Famous last words above; I knew I wouldn't be able to help myself. I had to wait for a client to get back to me today before I could complete some work for them and I was able to finish this further variation that I started a couple of days ago. I've done various pieces with rosebud knots in the past and seeing (at the time) a rosebud knot piece in the 'I'm currently working on' box on the right, I wondered if it could be combined with the teardrop shape - which would rely on the knot retaining its shape whilst I made the pendant shape above it - which places quite some forces on the metal.

Thankfully, in this gauge of wire, it did and I was thrilled to bring two of my favourite recent techniques together. Even as I write that, I have a further idea to bring the teardrop together with another of my often used techniques - so it's off to the sketch book yet again.

This version is made from a single length of heavy copper wire, which hasn't been soldered in this instance, the knot holds it together.

Saturday, 11 December 2010

All tied up in knots

I've blogged several times in the past about how working on one thing takes you down a particular design path - how one idea leads to another and you produce a series of related pieces, often on a theme. Thus it was this week. A returning customer asked me to make a pair of earrings for her that were an amalgamation of two designs already available in my shop - she liked one element of each design and wanted them combining.

Thankfully, with my recent discipline of keeping a detailed journal of my designs with sizes, gauges of wire used and the tools and methods I'd used to make a particular shape, I was easily able to re-create the elements in question, faithfully to the original design and without the very frustration that led me to that practice in the first instance.

Please click on any of the photographs to see a larger view.

The custom earrings I made this week - using the double looped rosebud knot, but with rosy buds at the bottom, where the originals had a wrapped stone dangling.

Once you've torn your hair out trying to re-make an old design and not been able to get it quite the same as the original, you realise the real value in disciplining yourself to maintain such records religiously. It was with some degree of smugness that I first flipped the pages to find my design 'recipe' for something I needed to re-make and a practice that has proven itself time and time again. The fact that my husband gave me a lovely leather bound book for just this purpose last Christmas has made it a particular pleasure to work in.

When I work, I always jot down the length of wire I cut and the diameter of any turns or loops and if I find I have too much waste, or struggle to finish the shape with too short a piece, I make the adjustment in my notes too. If I find that a particular method doesn't work and I find working from the back, or anticlockwise, for example, cures a problem or gives rise to a better shape, then this is also noted.

Whilst fiddling with my double looped knots, I wondered how well they would work as a single loop with a rosebud knot at one end and I rather liked the results.

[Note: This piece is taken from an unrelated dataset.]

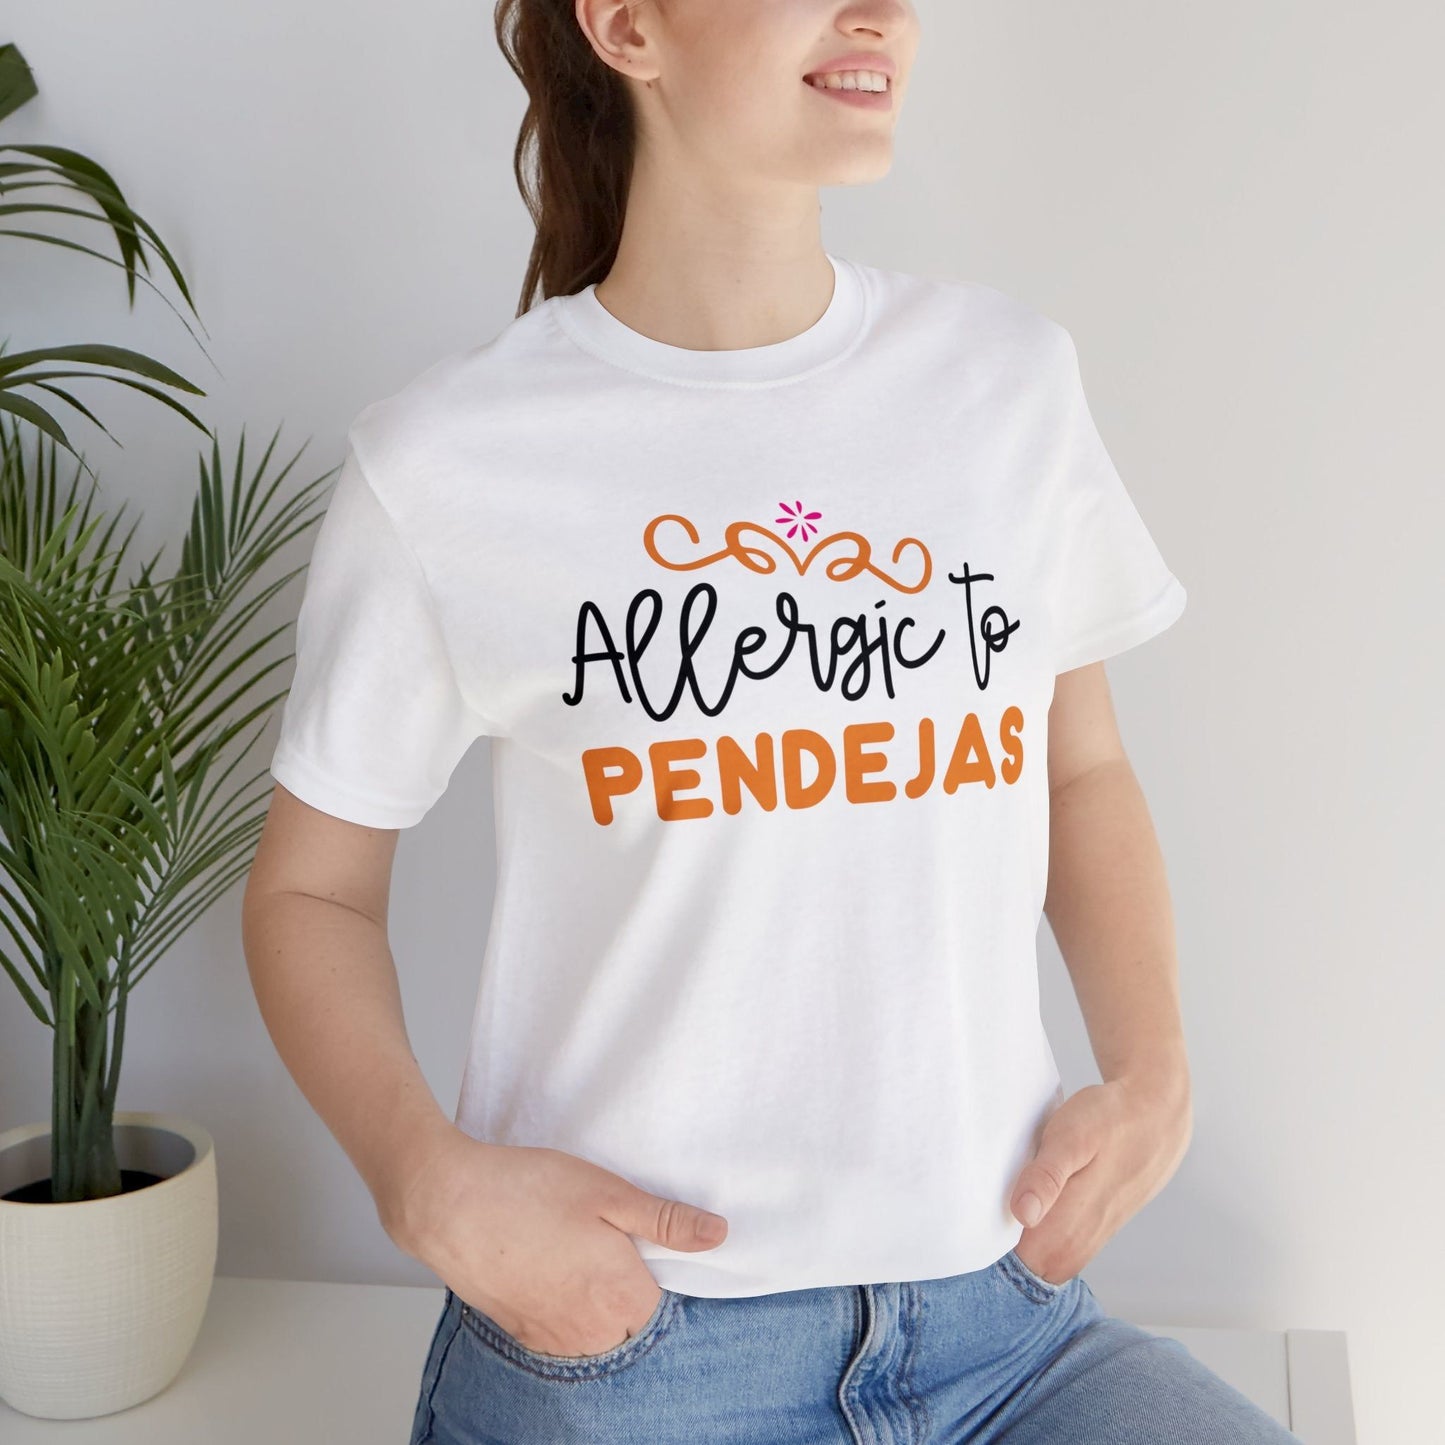 T-shirt - Allergic to Pendejas

We've all done it, had problems making something, found a solution, then come to remake it some time later, fall into the same initial difficulty and can't remember what we did to cure it the first time around. So my journal is used to note all such details, with sketches and diagrams where appropriate. I even note which tools I used if I found that one item worked better than another.

Having made a single loop pair of earrings (above), I wondered how heavy I could go with the wire and made this pendant in 1.6mm (14 gauge) copper wire. The loop is just over an inch (27mm) in diameter.

I've got into the practice of making scribbles on scraps of paper or in my sketch book as I work, which I treat much like we did with a 'rough book' at school - I do all my working out in that, then transpose my final version (which may have been amended or adjusted several times by the time I'm done) to my neater finished journal - so that it's hopefully easier to make sense of at some time in the future.

The matching set of rosebud knot loop pendant and earrings. I've oxidised the copper pieces and then tumbled them extensively to get a nice gunmetal colour on the dark areas, then polished just the rosebuds back to highlight them.

I tend to sit down after breakfast, whilst I finish my coffee, before the day starts to veer away from my intended plans, and transpose all my scratty notes into the journal before I lose them, or lose my train of thought. The investment of time in doing this has proven well worth it on many occasions. I also have this thought in the back of my mind that at some time a long way in the future, my great-grandchildren may find it a fascinating treasure the same way that I do my grandfathers old sketch book - a little glimpse into my life at this time.

Now I was on a roll I wanted to see how they'd look in Sterling silver. I didn't have the same gauge of wire, so these are a little more delicate than the copper version of the earrings, but I decided to leave these as shiny silver, rather than oxidise them.


And so it was this week with these custom earrings. I consulted my design journal to make the same knotted loop element again and once my fingers had remembered the technique required to get a nice even knot, I set about making several other pieces using the same elements, as above. Once you start with something, your mind just takes you where it will and I still have ideas left to try using the same techniques.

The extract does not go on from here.